The full listing, copied exactly and free of pictures, is the expected reply.

Top of Data extract

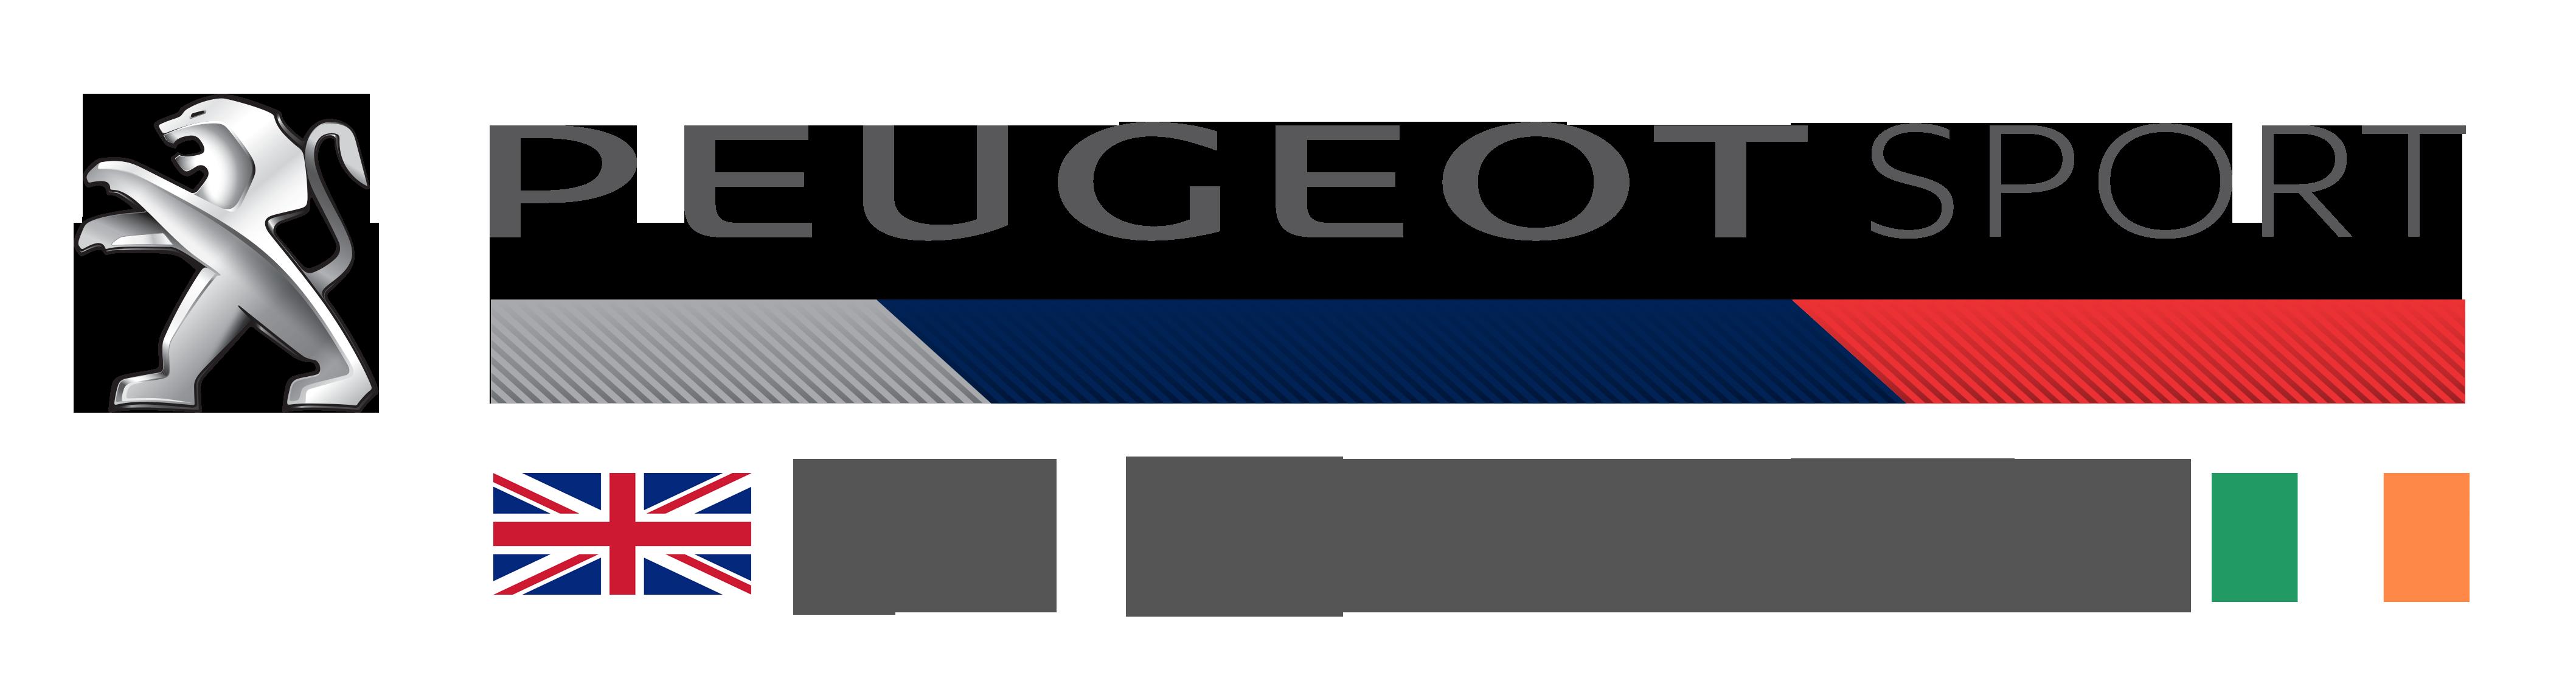 Peugeot Sport UK/Ireland
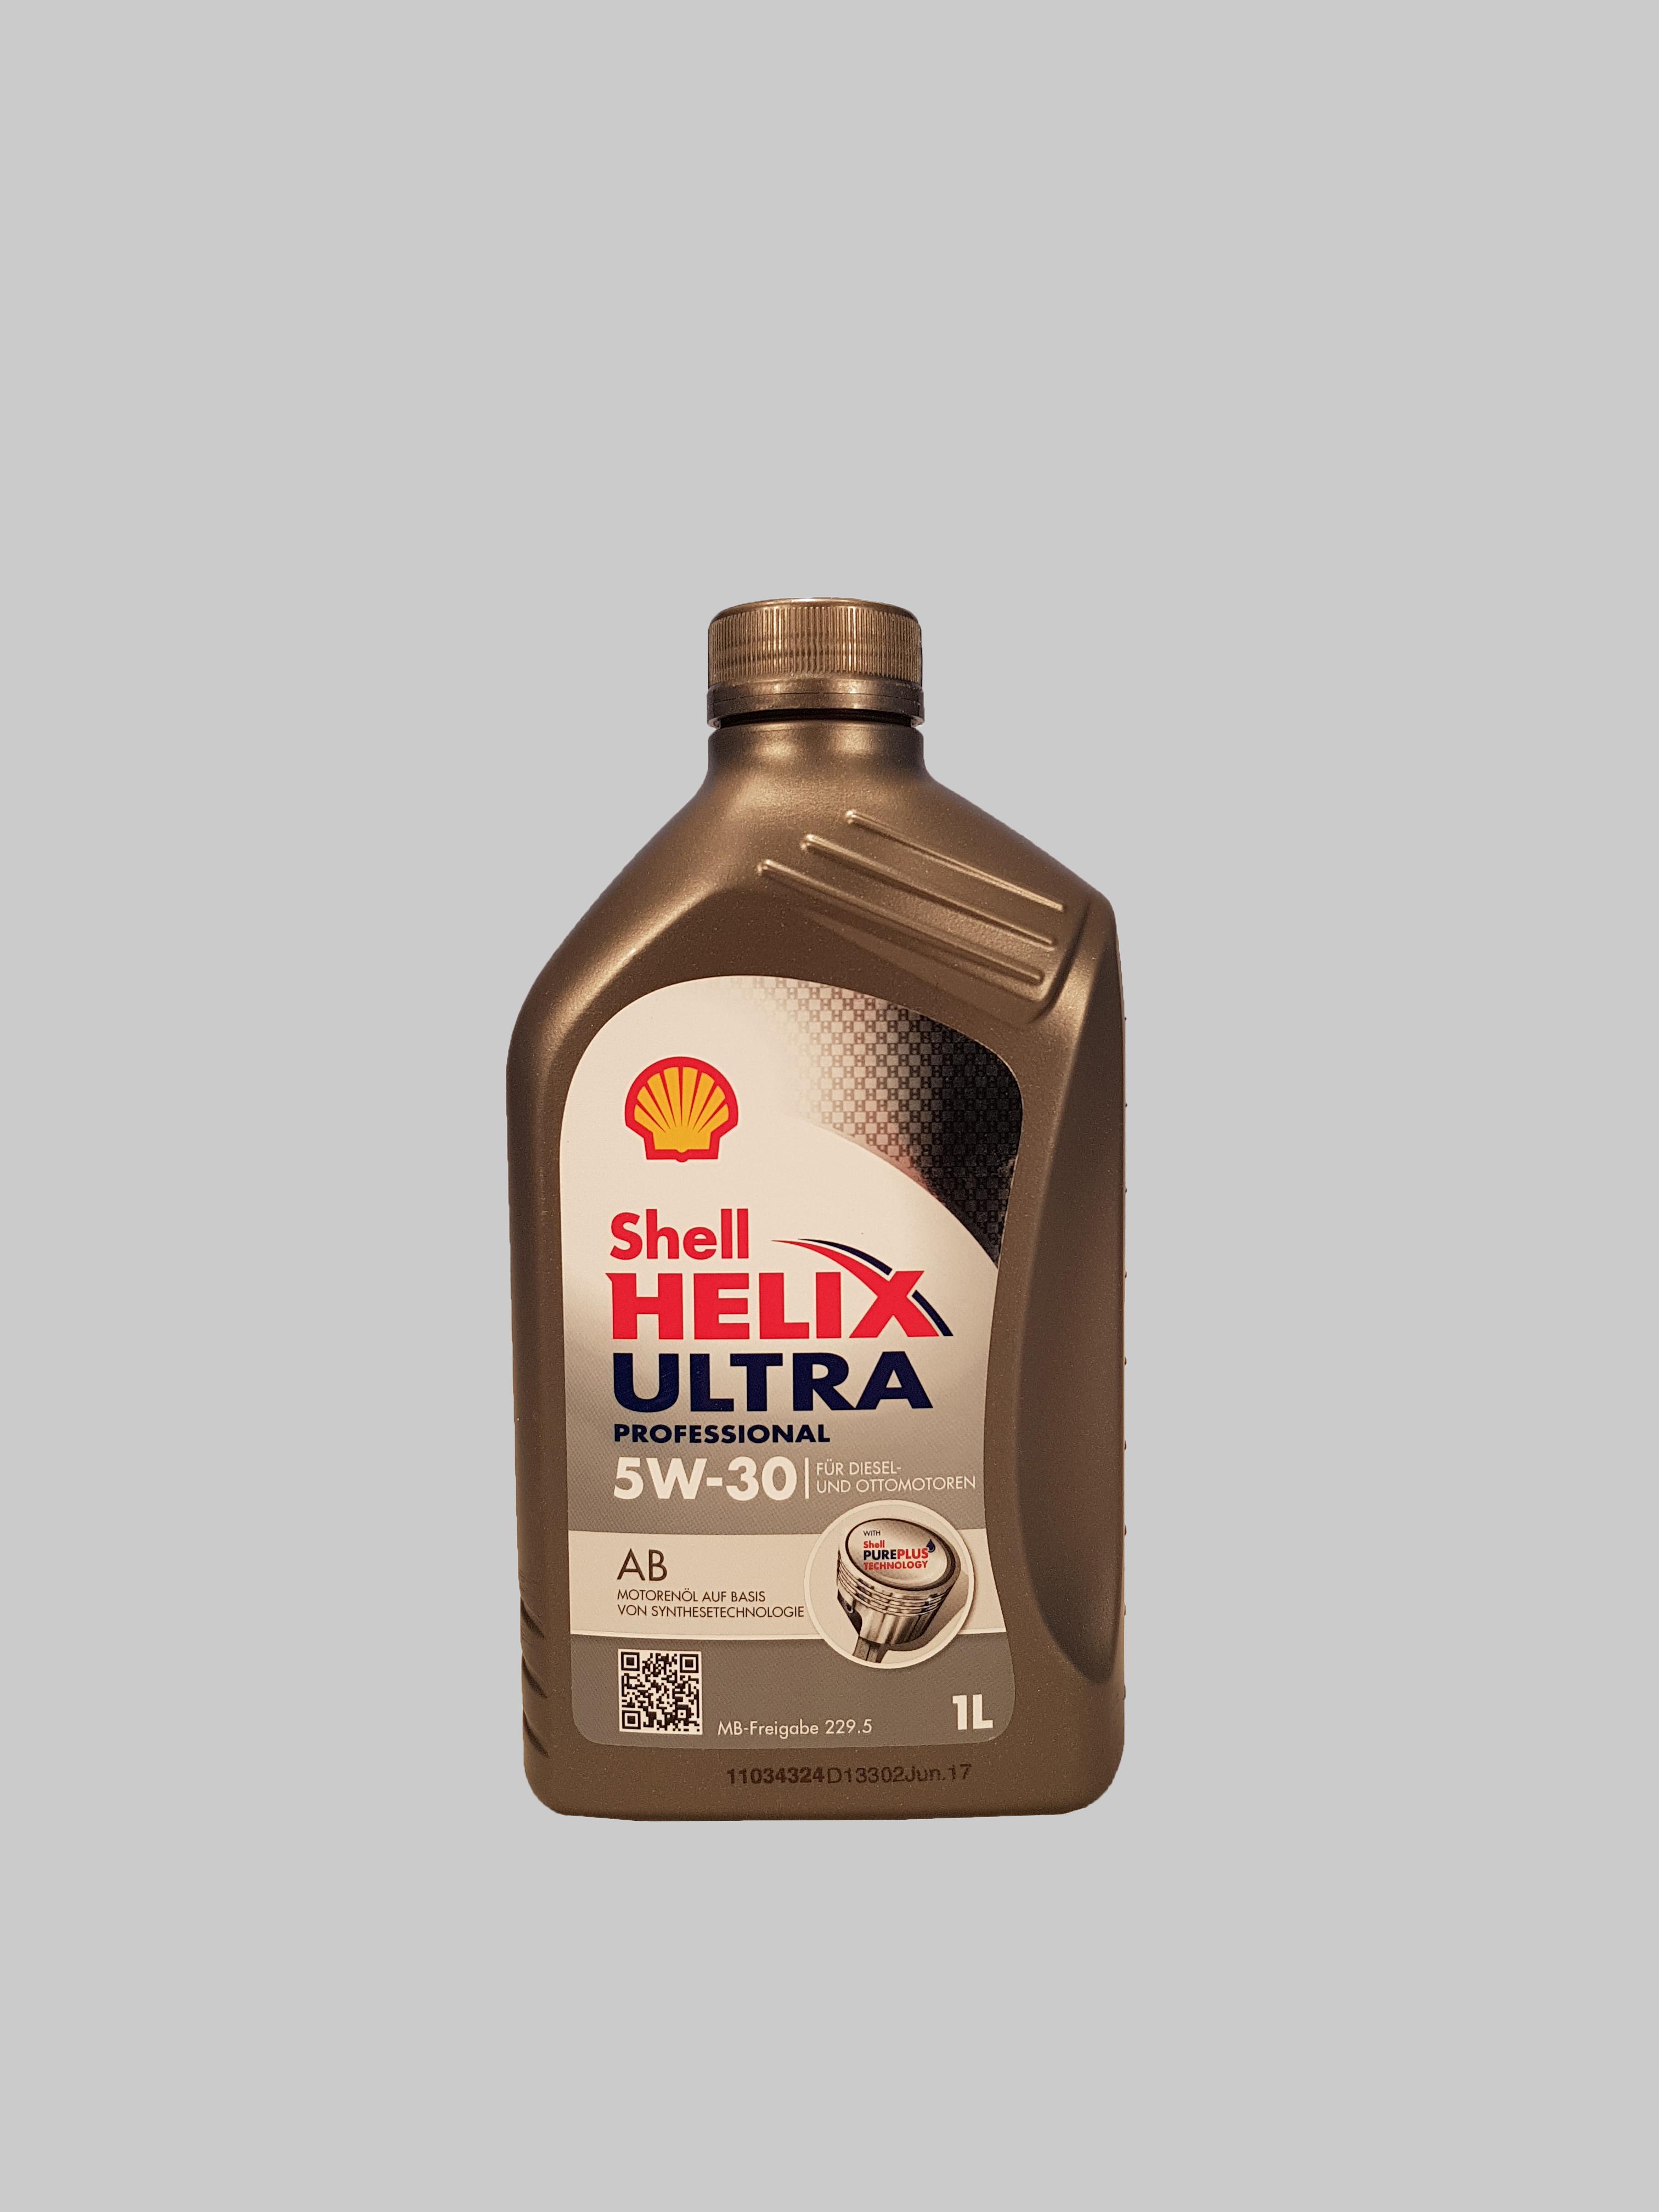 Shell Helix Ultra Professional AB 5W-30 1 Liter
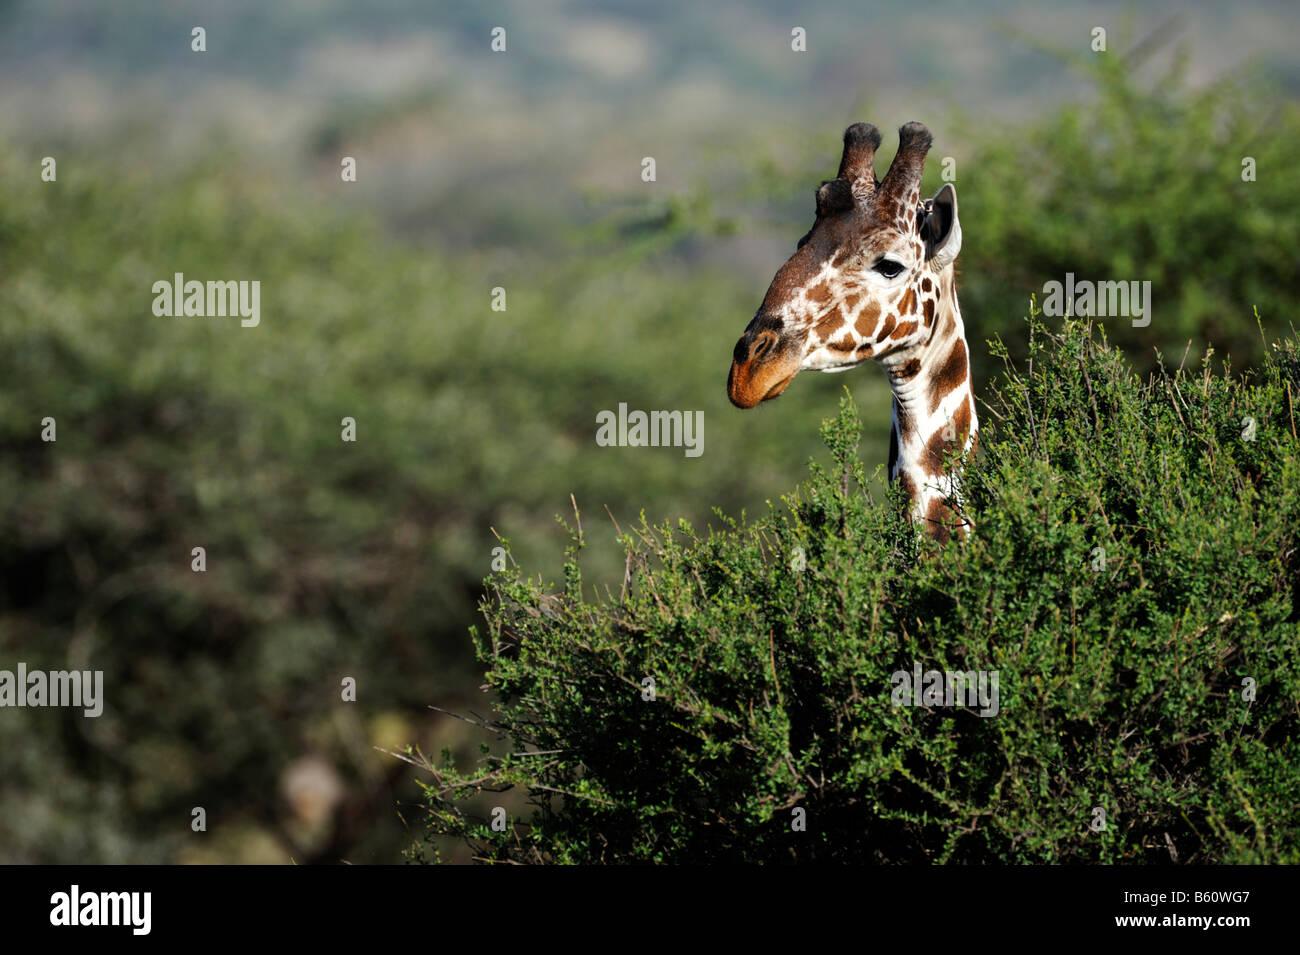 Girafe réticulée ou somaliens Girafe (Giraffa camelopardalis reticulata), portrait, Samburu National Reserve, Kenya Banque D'Images

Bottom of Data extract

Output:
 Peugeot Sport UK/Ireland
 Shell Helix Ultra Professional AB 5W-30 1 Liter
 Girafe réticulée ou somaliens Girafe (Giraffa camelopardalis reticulata), portrait, Samburu National Reserve, Kenya Banque D'Images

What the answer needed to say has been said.